Le juge administratif distingue la mesure d’ordre intérieur, ne faisant pas grief au fonctionnaire concerné, de la mutation interne, soumise au respect de règles procédurales et susceptible de recours.
Le Conseil d’Etat a défini ces mesures d’ordre intérieur prises à l’égard des fonctionnaires comme : « des mesures qui, tout en modifiant leur affectation ou les tâches qu’ils ont à accomplir, ne portent pas atteinte aux droits et prérogatives qu’ils tiennent de leur statut ou à l’exercice de leurs droits et libertés fondamentaux, ni n’emportent perte de responsabilités ou de rémunération (…) » et ce « alors même que cette mesure de changement d’affectation a été prise pour des motifs tenant au comportement » de l’agent concerné.
Pour caractériser une mutation au sens de l’article 52 de la loi du 26 janvier 1984, le juge administratif prend en compte différents critères comme le changement de résidence administrative de l’agent, la perte de responsabilités, la réduction de ses indemnités, la nature des tâches confiées, les avantages matériels perdus, la diminution de la rémunération ou le déclassement subi dans l’exercice des fonctions.
Or, le changement d'affectation entrainant une modification de la situation du fonctionnaire doit être précédé d'une saisine préalable de la CAP (commission administrative paritaire) et de la consultation du dossier par l’intéressé car il s'agit alors d'une mutation d'office dans l'intérêt du service.

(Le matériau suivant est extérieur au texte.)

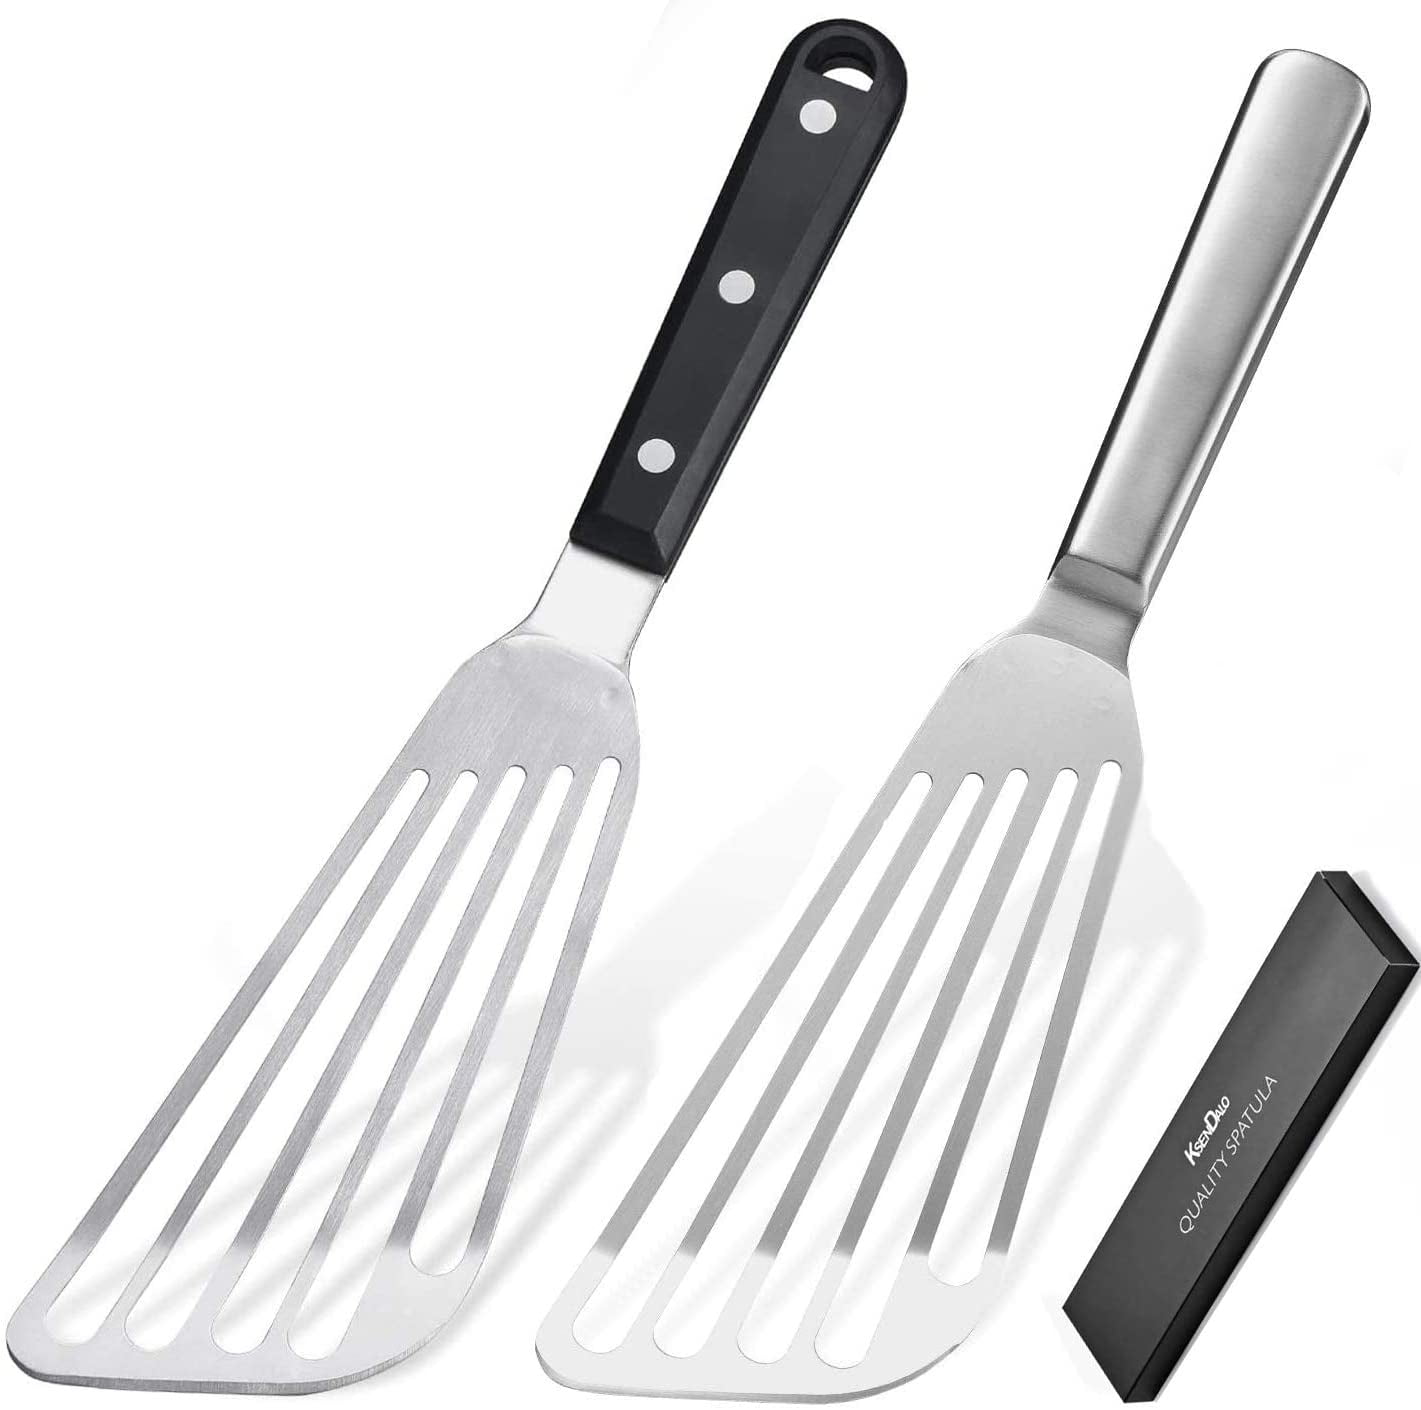 KSENDALO Stainless Steel Fish Spatula, Versatile Metal Cooking and Egg  Turner, Slotted Offset Pancak…See more KSENDALO Stainless Steel Fish  Spatula

S’agissant de la perte de responsabilité subséquente à la mutation, le 30 janvier 2018, la cour administrative d’appel de Marseille a jugé que les agents et fonctionnaires sont susceptibles de pouvoir faire annuler leur mutation de poste par le juge administratif en cas de perte de responsabilités (CAA de MARSEILLE, 9ème chambre, 30 janvier 2018, N° 16MA04395)
En l’espèce, une directrice territoriale était en charge de la direction de la culture et du patrimoine d’une commune.
Le maire de la commune a décidé de son changement d'affectation pour les fonctions de directrice de la cohésion sociale.
La fonctionnaire a demandé au tribunal administratif d'annuler l'acte d’affectation et de changement de poste et d'enjoindre à la commune de la réaffecter, sous astreinte, à son ancien poste.
Par jugement, le tribunal administratif a annulé la mutation d'office de la fonctionnaire.
Les juges d’appel ont relevé que la fonctionnaire a été affectée par l'acte attaqué à un emploi correspondant à son grade, sans qu'il ait été porté atteinte aux droits et prérogatives qu'elle tient de son statut, et sans perte de rémunération.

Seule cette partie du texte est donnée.